Aerial survey proved to be an effective method of rapidly assessing the population size of Salvin’s albatross in the Western Chain, The Snares. Despite the difference between the aerial and ground counts, it should not be assumed at this stage that one survey methodology is more accurate than the other, as there is potential for error using both methods.
The use of close up aerial photographs has proven useful in correcting raw counts to estimate the number of annual nesting pairs at other albatross colonies, but their utility for this purpose at the Western Chain, would appear to be limited.
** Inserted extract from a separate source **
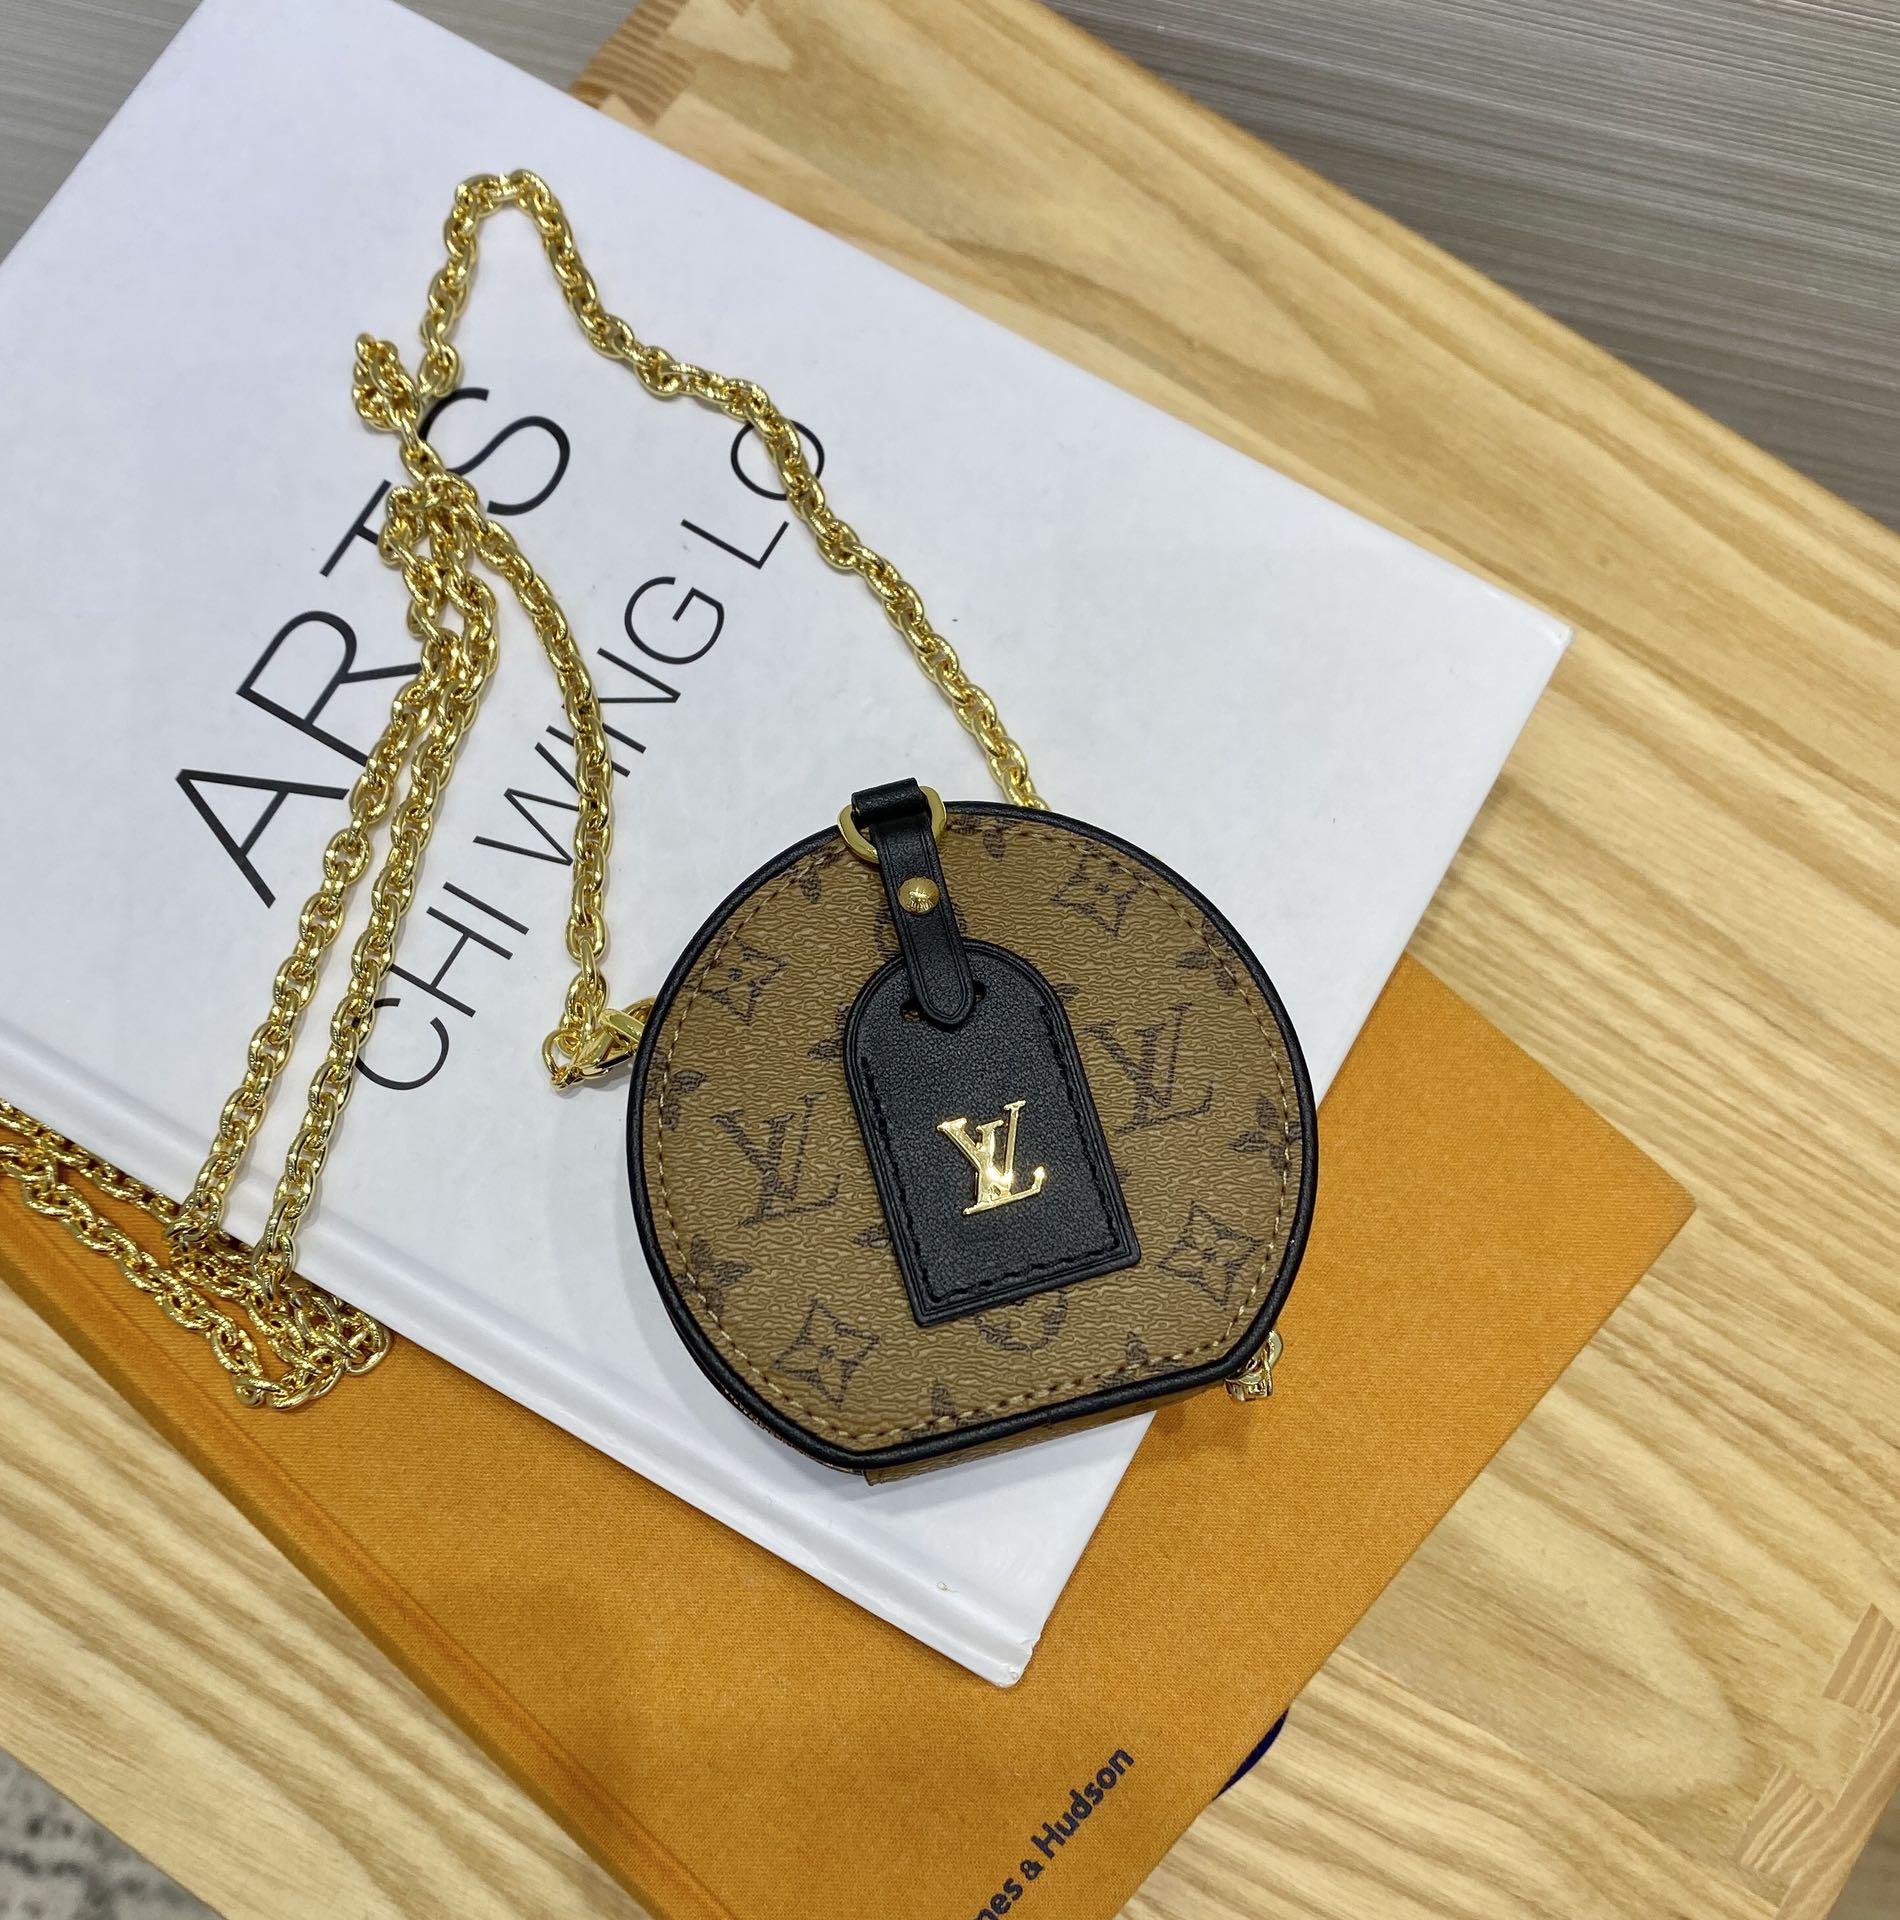 【¥680】驴家mini项链圆饼43522 可爱的小包 小巧精致

Ground counts indicated the proportion of loafing birds in colonies (33.3%) was high, but consistent with that observed at the Bounty Islands (25.8%) in 2013. These values exceed those previously recorded for other Thalassarche albatrosses during the early to mid-incubation period, but may be normal for Salvin’s albatross because of the nature of their nesting sites where egg loss appears to be very high. The cause of many nest failures appeared to be a combination of the lack of substrate with which to construct a nest, and interference from birds attending the colony.
If population size (annual breeding pairs) is to be regularly estimated using aerial photography, it would appear more appropriate to use the correction factor derived by the 2014 ground count to adjust raw counts each year, noting that this correction factor will likely be dependent on the time of the breeding season that the count is undertaken. Further ground-truthing undertaken concurrently with aerial photography would be of use to refine the correction factor. Alternatively, aerial photography could be used to simply assess the number of birds ashore and use this as an index of abundance to assess population trend over time.